I've lost 20 lbs since Christmas by increasing exercise, and decreasing my starchy carb crap. No bread, pasta, rice or potatoes. It sucks becuase a lot of that stuff can be low cal. So if doing just a low cal diet, you can eat more if that stuff. I wanted to try the caveman deal and so far I don't mind it. It works. I eat lots of meat and veggies, and eggs. Hamburger or ham steaks for dinners with a couple sides of veggies. Steak, chicken, pork and fish for suppers, with even more veggies...Not as tough as I thought it would be. Ranch and French kill me with my salads I'm sure. And I won't give up cheese and milk.
I've lost 25 pounds since January 1st. This is what has worked for me. I stopped drinking soda and that's basically the only thing I have cut out from my meal plan. However, I am no longer eating out every day at work. I pack my meals and usually eat five to six times a day which keeps my energy up and raises your metabolism. I've added more fruits and vegetables. I also work out during the week after work.
The big trick to my "system" if you want to call it a trick or gimmick is I am logging my food everyday and watching my daily calorie intake. On the weekends I have occasionally had a Big Mac (540 calories) with a milk (and no fries or soda!) for lunch for a treat however I make sure and do not go over my overall daily limit. Below is an example of food I ate on a recent day.
Early Morning Snack - one banana
Breakfast- oatmeal with brown sugar, coffee with nonfat milk
Morning Snack - meal replacement bar (great to have some on hand if your job takes you away from your lunch box)
Lunch - Turkey breast sandwich with Dave's Killer Bread (multi grain wheat) and half an avocado spread on the bread
After Workout snack - glass of lowfat chocolate milk
Dinner - Big Salad (and I mean big) with black olives, yellow bell pepper, almonds, sunflower seeds, hardboiled egg, baby shrimp meat, fat free catalina dressing
Evening snack - lowfat cottage cheese
This is not advice, but I watched my boss lose 40 lbs in 3 months with a diet of primarily carrots and celery. He was cranky as **** during that time, however, so warn your peers and family if you venture this route.

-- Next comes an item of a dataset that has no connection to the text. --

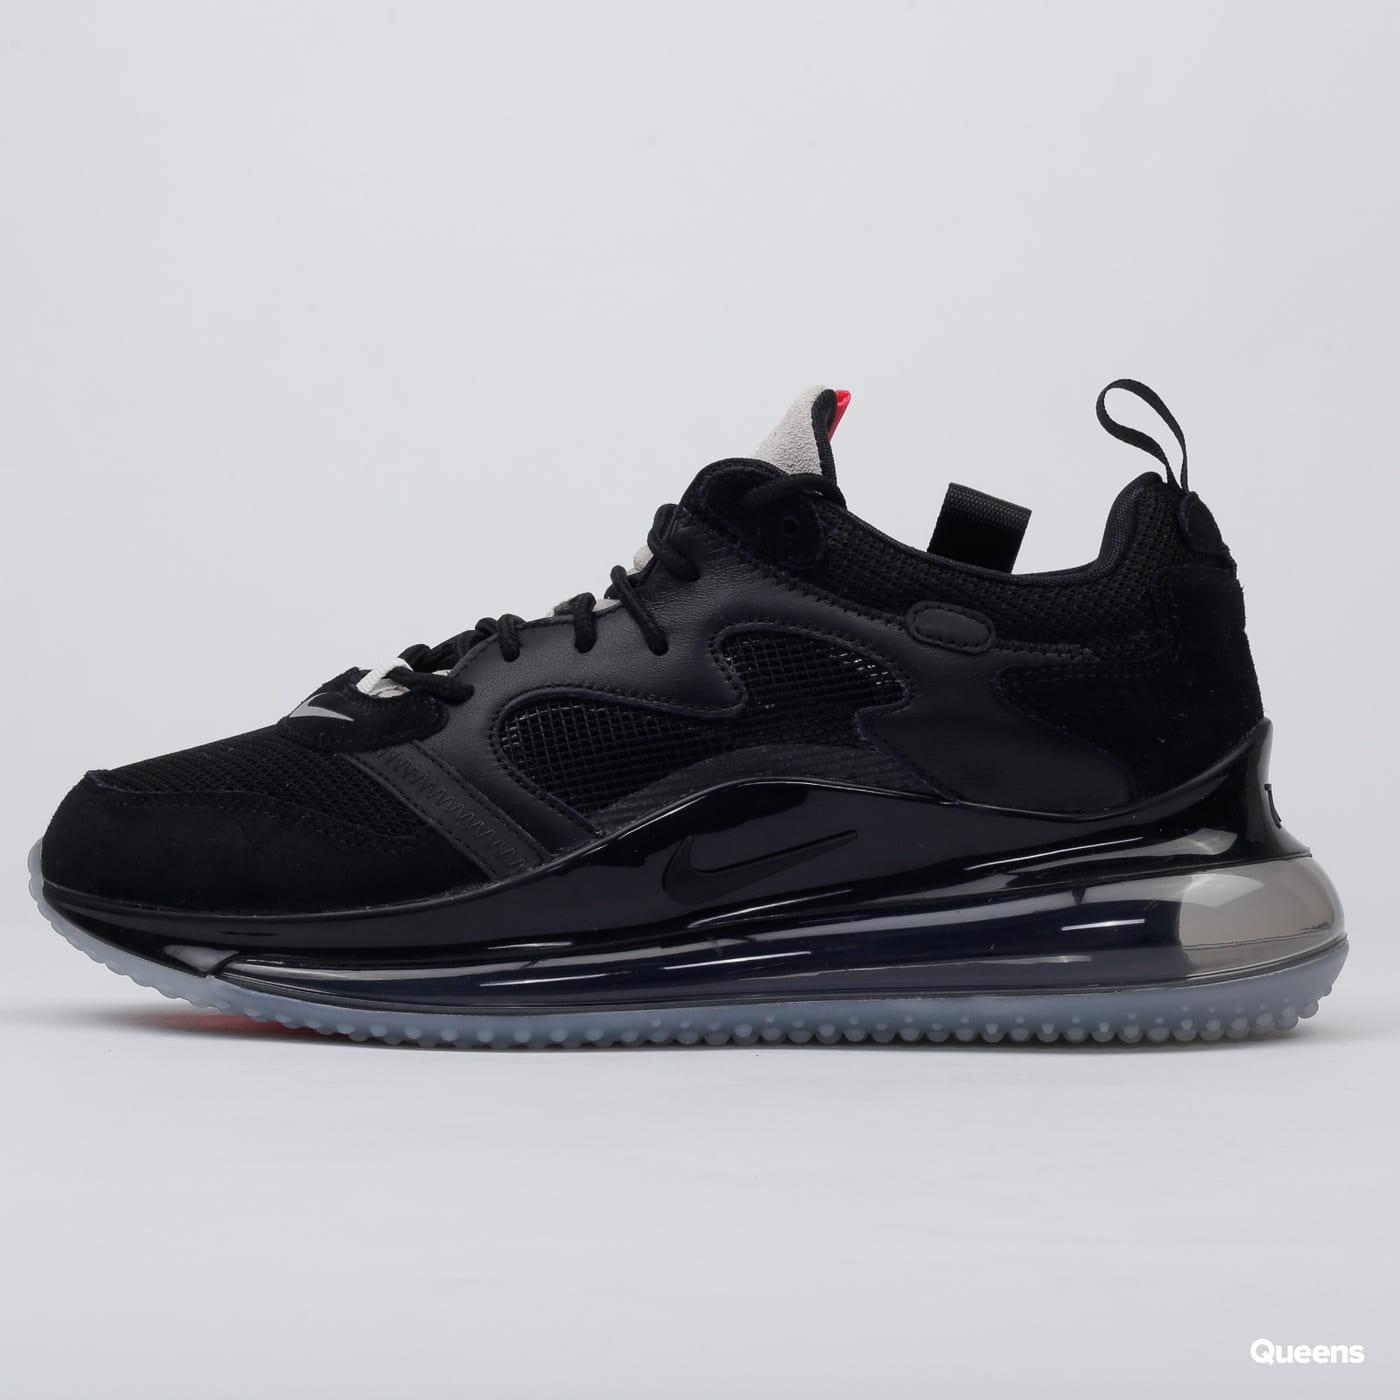 Nike Air Max 720 / OBJ black / summit white - red orbit

This is akin to a low carb diet, albeit an extremely low calorie diet.
First, I will readily admit that I'm not a nutritionist. You probably already know which foods are good and bad for you, and you know your weaknesses. If you don't buy the bad food you're addicted to, you can't run to the pantry and snack on it. It sounds simple, and in a way it is. If I don't have a bag of chips or cookies in the pantry, I sure as heck am not going to drive to 7-11 to pick up some up...and the binge snacking is avoided.